I had been deeply involved in fundamentalist Christianity before. I had been trained in rescuing Christians from "cults", though I wasn't very good at it. I was very good in telling people which verses say what but I wasn't very good at expressing them in lay terms. I was so adept at explaining Pauline basis of Romans 5, I dare say church leaders were impressed and urged me to train as assistant pastor.

In short, I had once long ago too believed that Jews had to accept Jesus as god and messiah. In short, I might have to revise on it, but I was trained on all the Bible verses to that persuasion. You can't expect too much from an autistic person like myself. The theology of sacrifice of Jesus and Pauline theory were completely in disagreement with my obsession with understanding the Sabbath.

Salvation by faith alone, and the very idea of Christian salvation did not make sense and is out of sync with my obsession. Those who say that I should not depend on human reasoning, don't be too smirk - I am or at least had been very familiar with the obfuscated human reasoning used to explain many basic Christian theologies. I eventually grew tired of those complex human reasoning - it was more believable listening to the Taoist fairy tale of people tempting the kitchen god with candy to shut his mouth.

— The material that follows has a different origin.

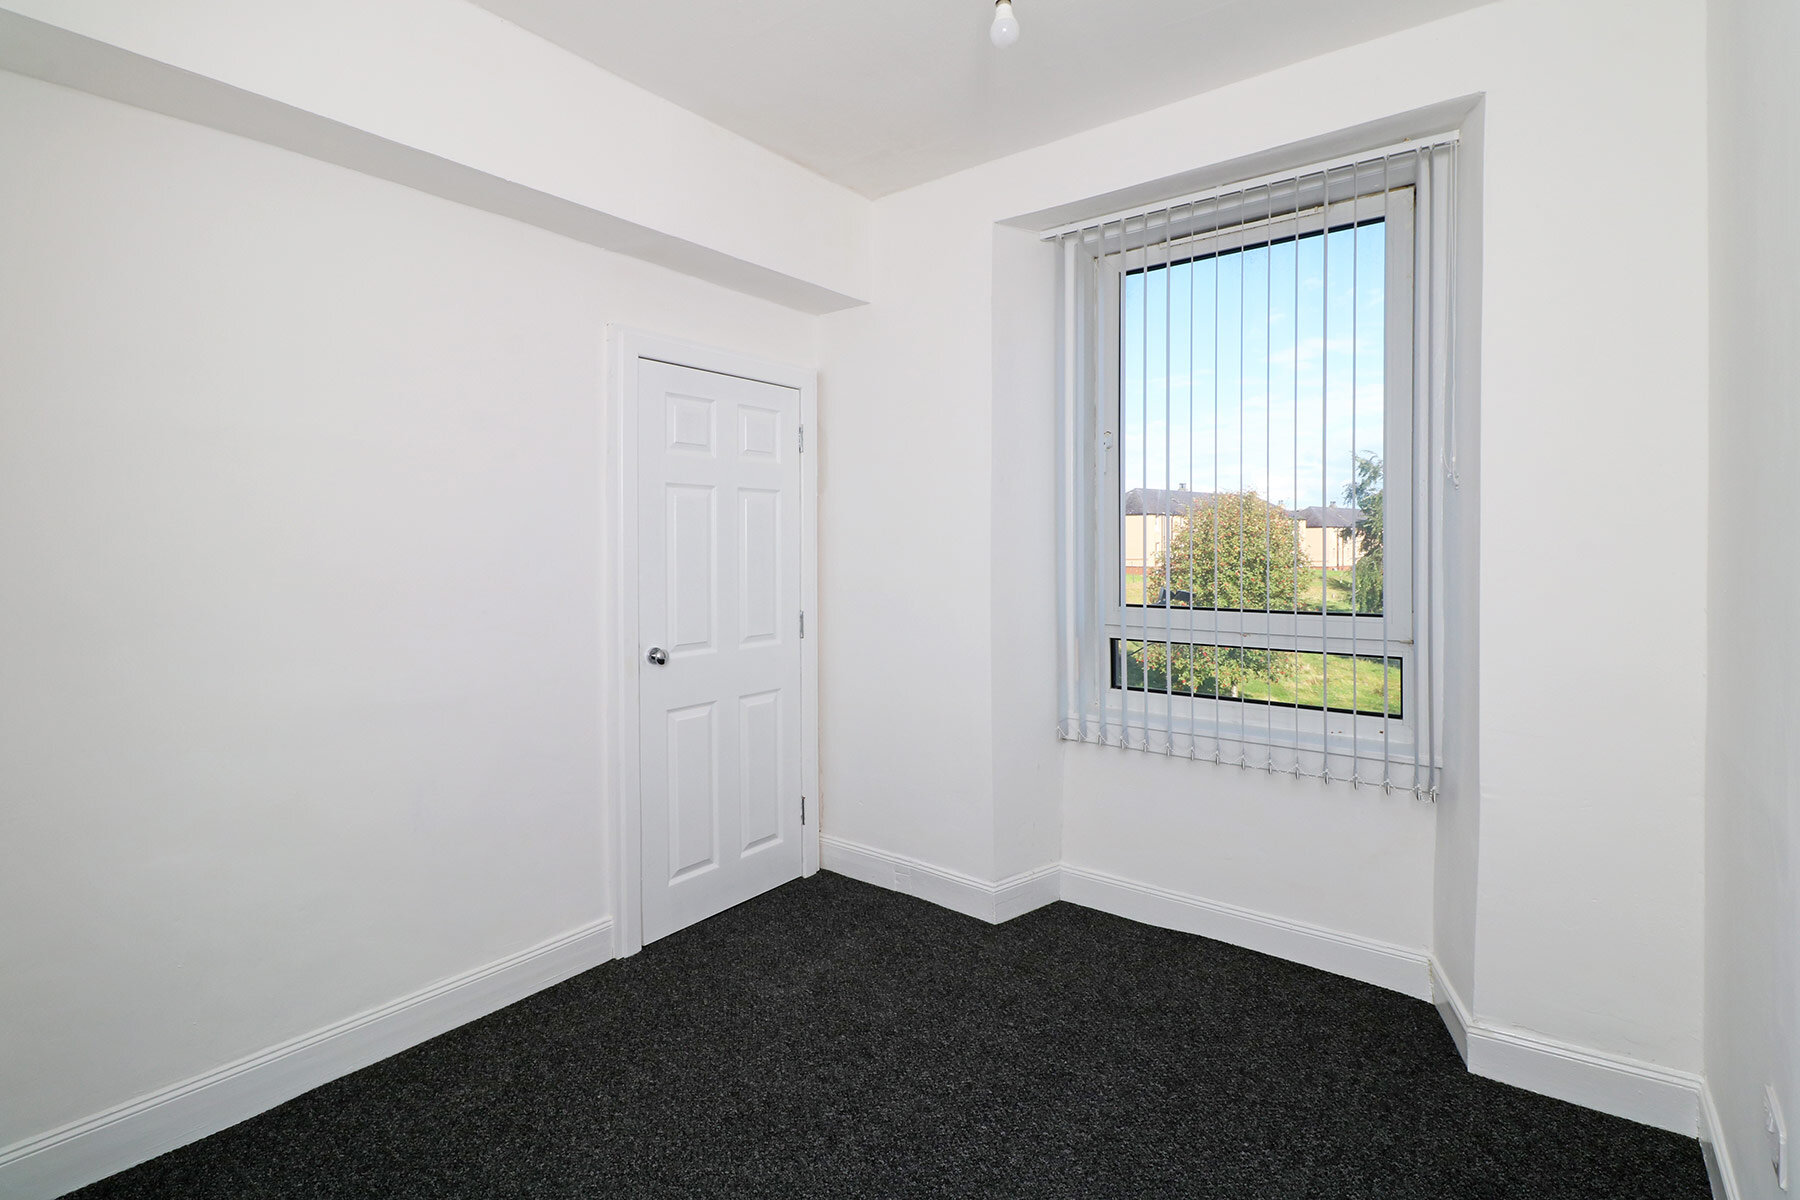 provost-road-after-bedroom-1.jpg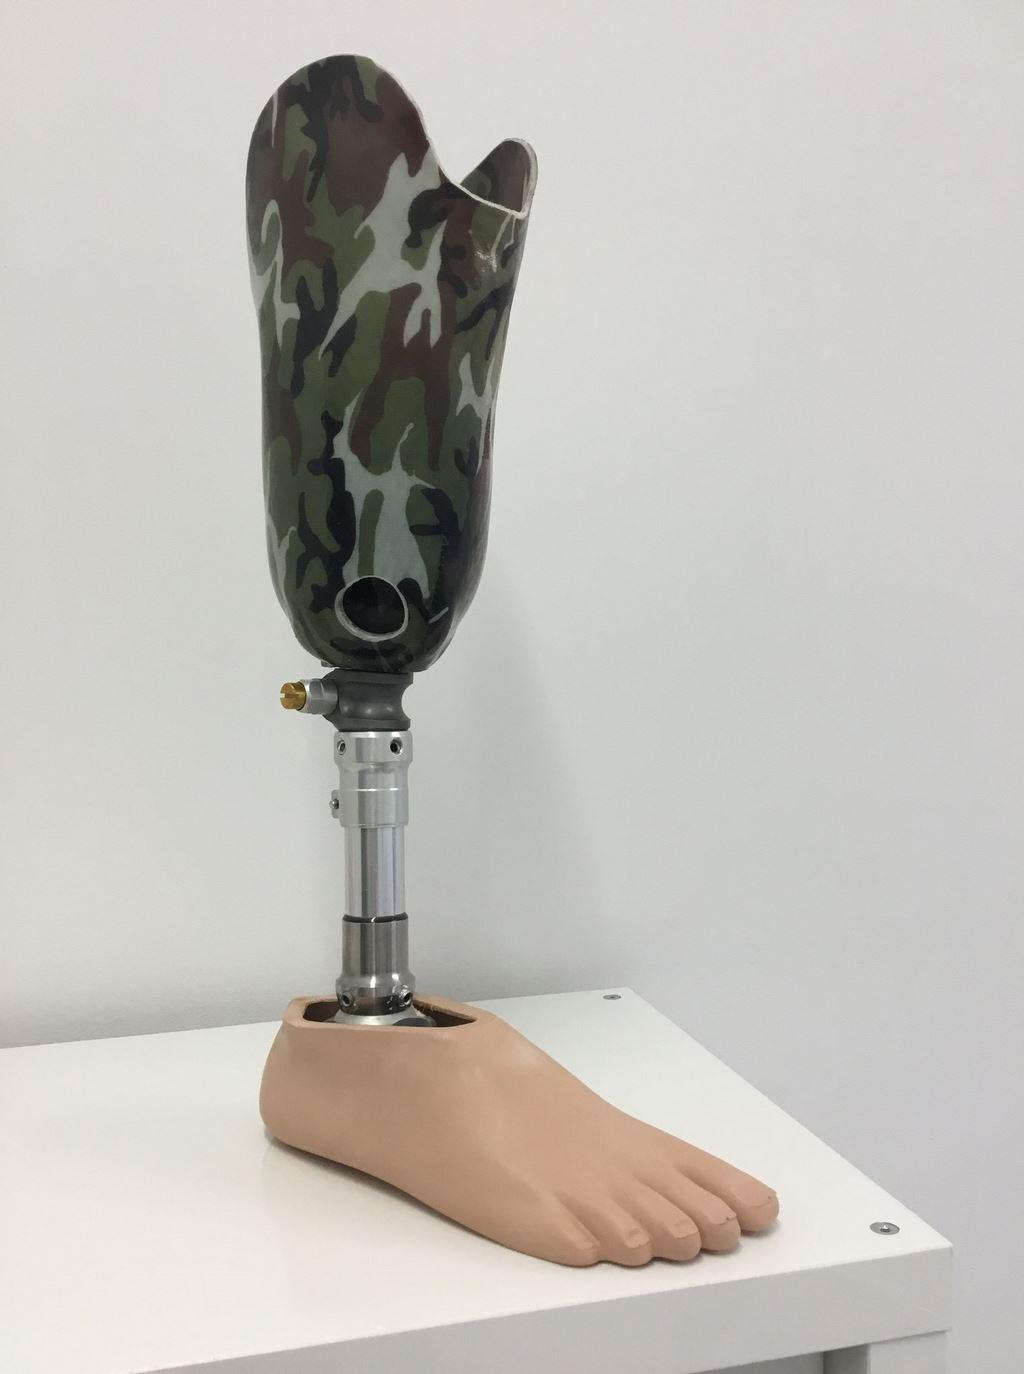 protezy podudzia sml

Christians not exposed to the deeper end of theology would innocently urge "Just believe". But you can't just believe, because there are moral decisions to be made and you would want to see which scripture constrains your decision and then there you go into the bottomless pit of Christian theological application of human reasoning. Convoluted and obfuscated, compared to the elegance and beauty of the Sabbath framework. Christianity has effectively retired the relevance of Leviticus and Deuteronomy except when convenient to their life-styles to pick one or two verses out. It is also terribly annoying to an autistic person obsessed with the Hebrew Bible, when someone tries to convince her using the KJV, NASB or NIV.

My obsession would expose my lack of understanding of the Talmud, Midrash and Halakha. After all, I am not expected to understand them. Personally, I feel there are sufficient number of medieval decisions needing to be updated. Like mixing of chicken meat with dairy. And rabbis would say it is dangerous to study Kabbalah without a firm foot on the Talmud. OK, I guess I have crossed that threshold. Anyway that holds true only for men. Also, for the little exposure I've had, I find understanding the Talmud requires your mind to work like a lawyer and not a scientist - quite difficult for me. I am not against the Talmud, but I would need a good teacher to understand its decisions. And I don't have the time or necessity.

I am hoping to grasp the architectural implications of the Temple and that it would justify my belief that the Sabbath is the only path of salvation for humankind.